● **ASSIGNMENT**:
Output the lines of the listing below exactly, starting at the line containing "VJ sailing boat" and stopping after the last line, with any pictures dropped.

● **DATA SECTION**:
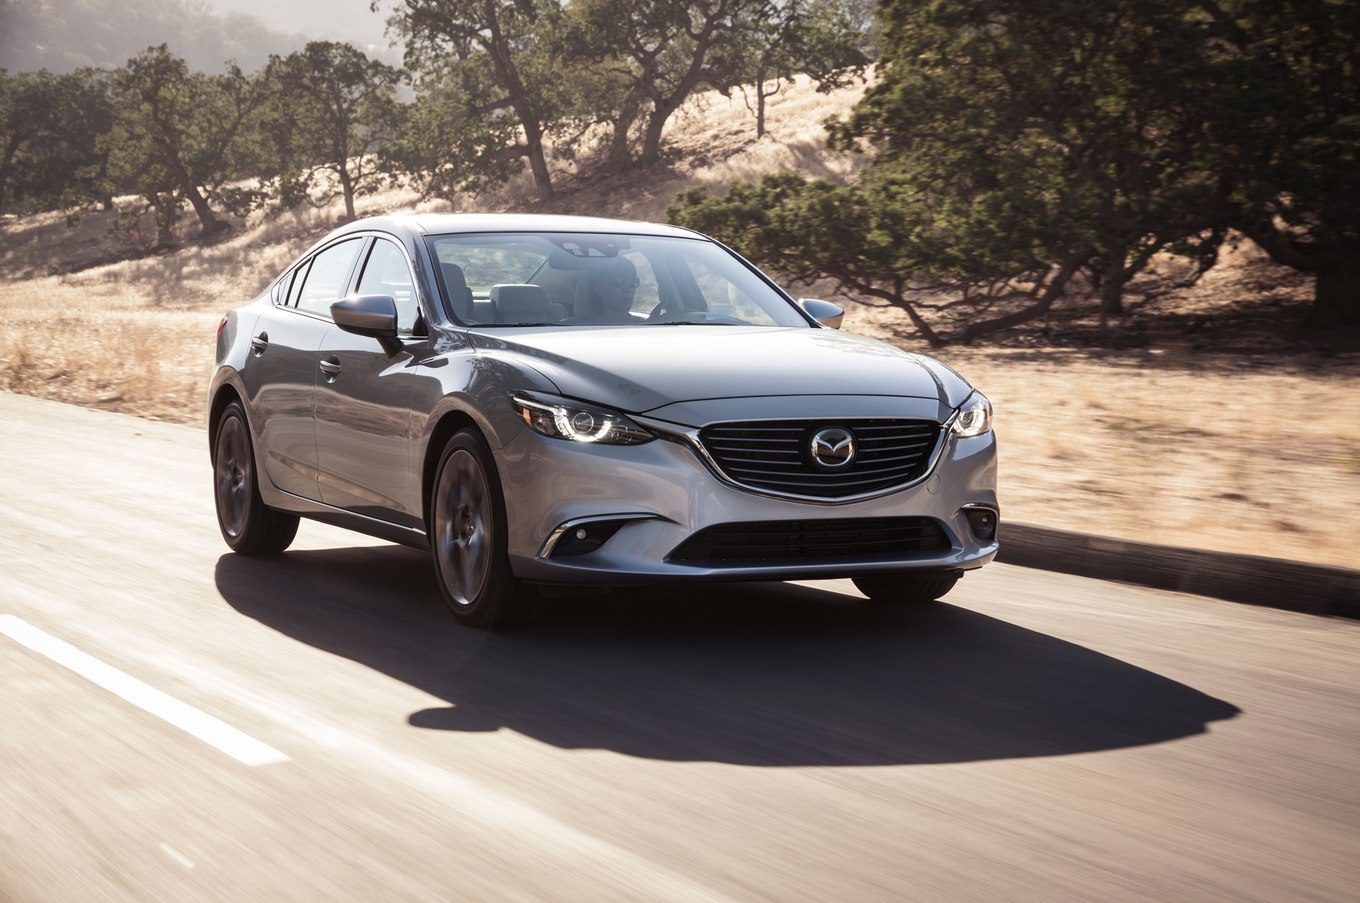 2016-Mazda6-front-three-quarters-in-motion.jpg
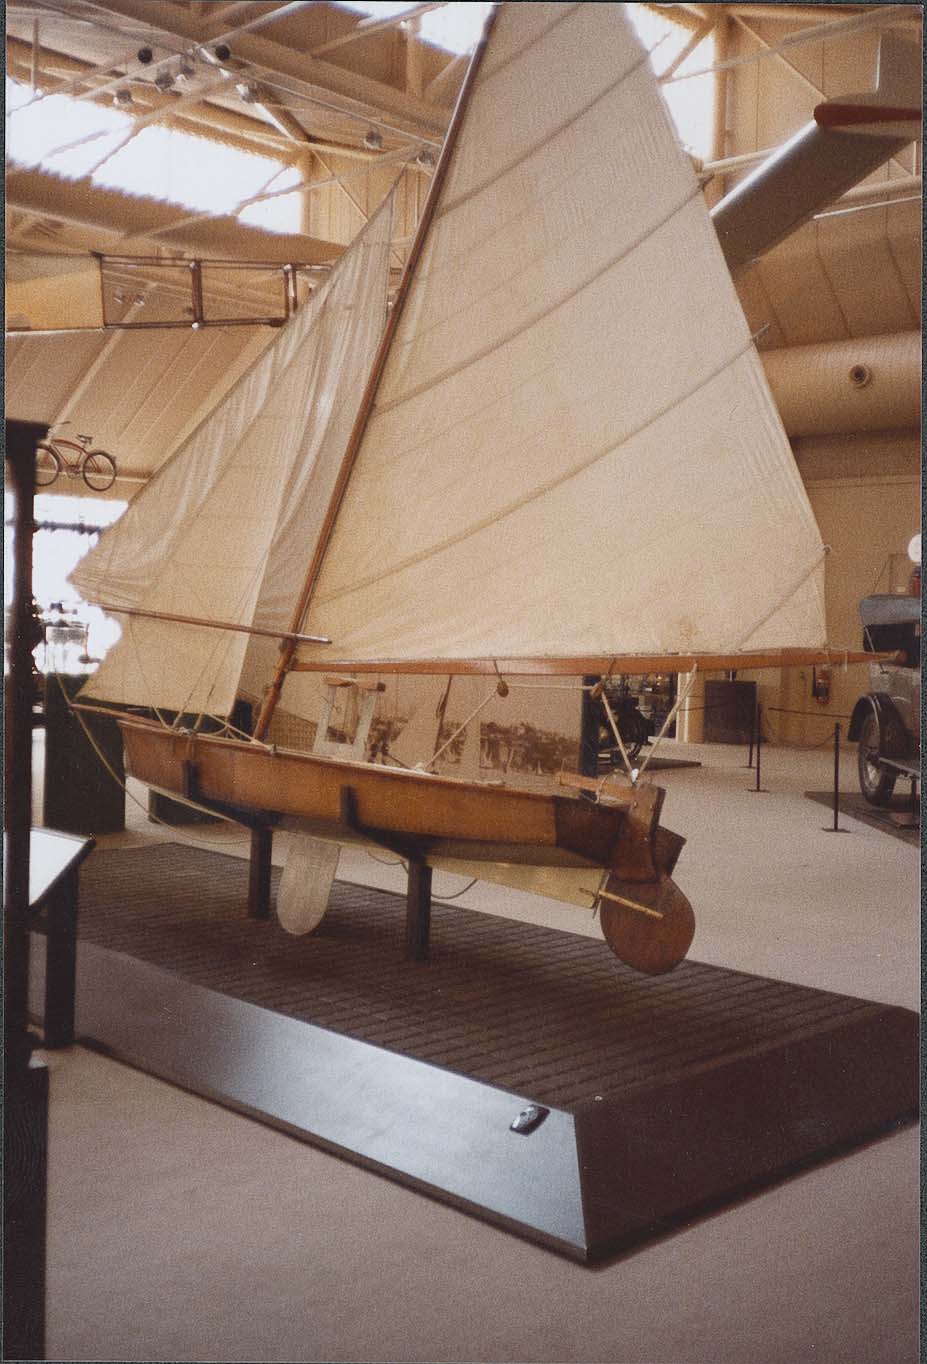 VJ sailing boat 'Giselle' designed by Charles Sparrow
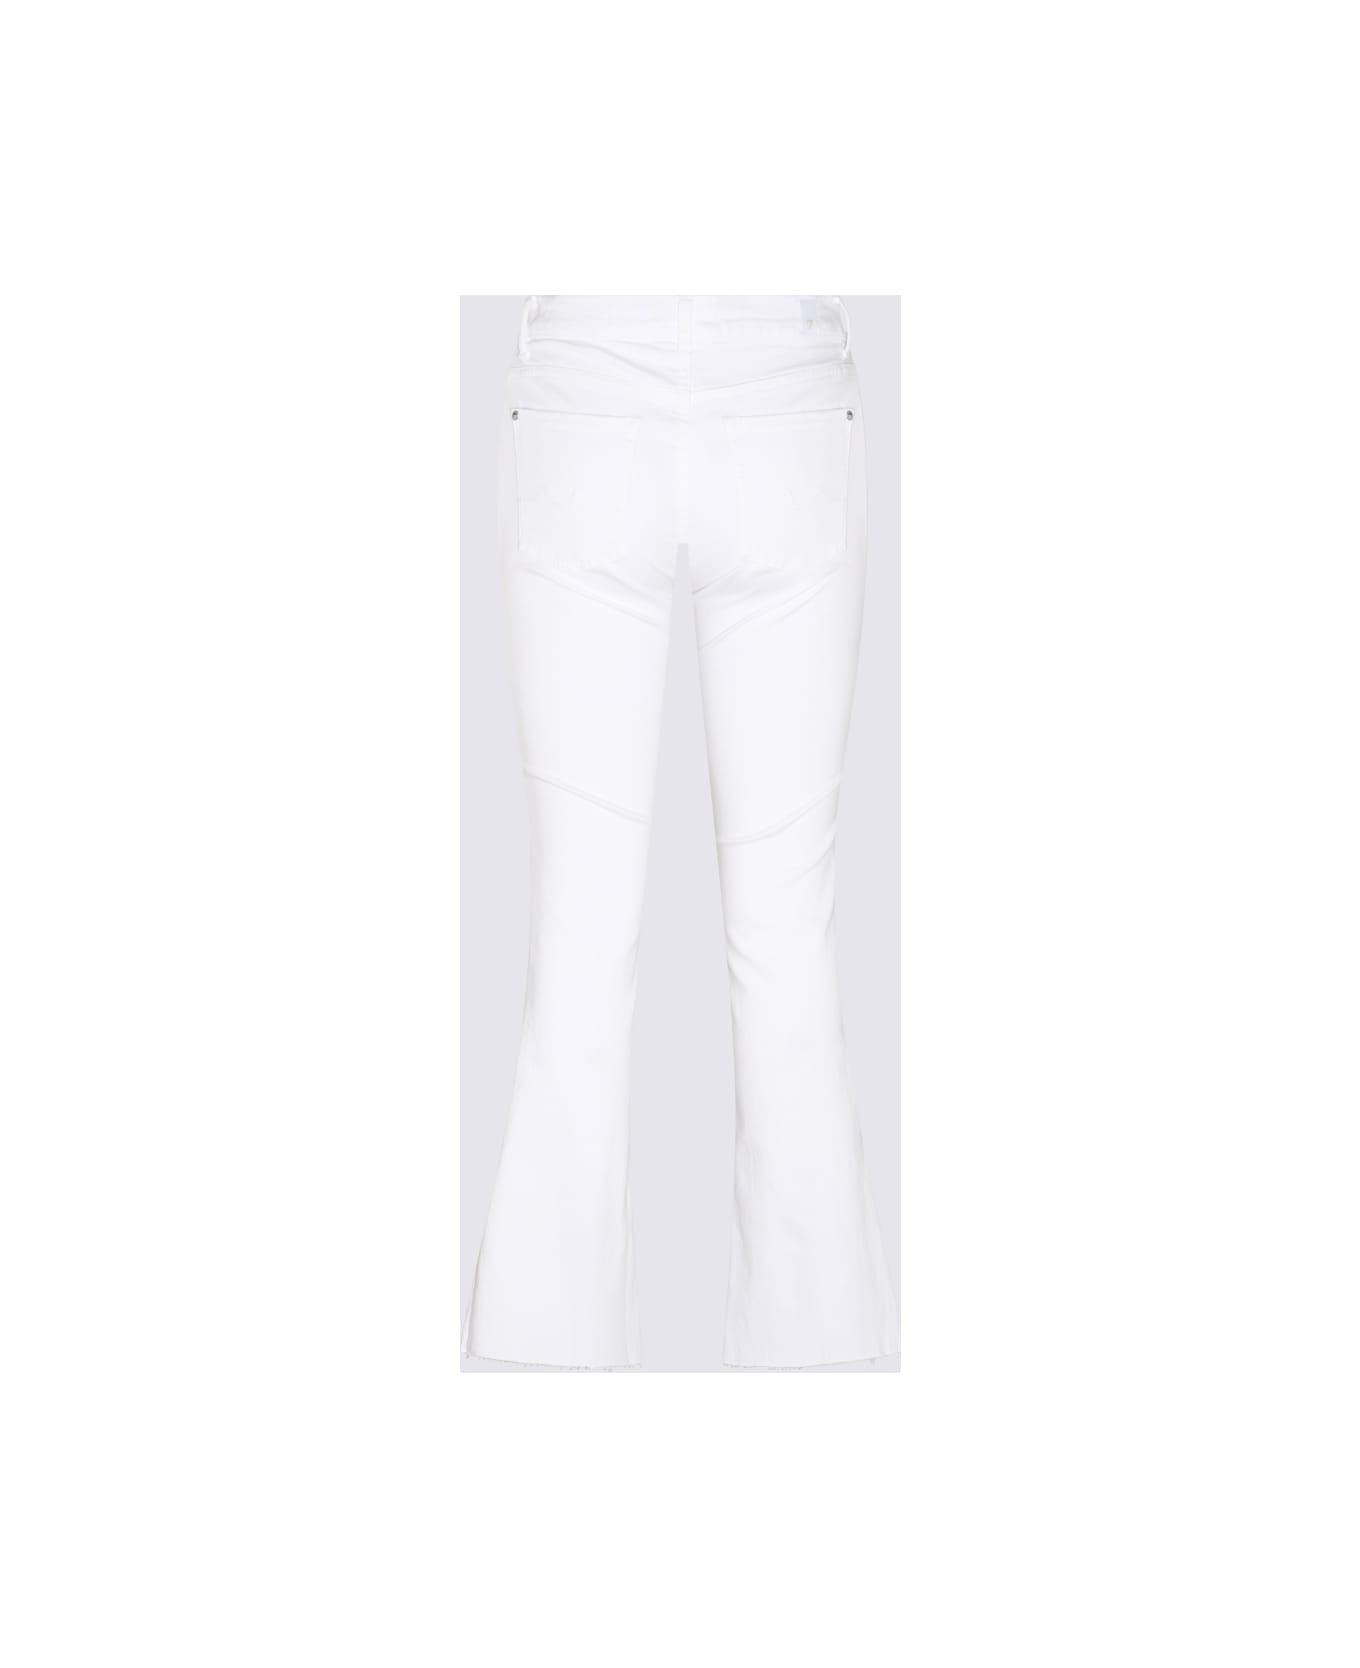 7 For All Mankind White Cotton Blend Jeans - White

● **ANSWER SPACE**:
 VJ sailing boat 'Giselle' designed by Charles Sparrow
 7 For All Mankind White Cotton Blend Jeans - White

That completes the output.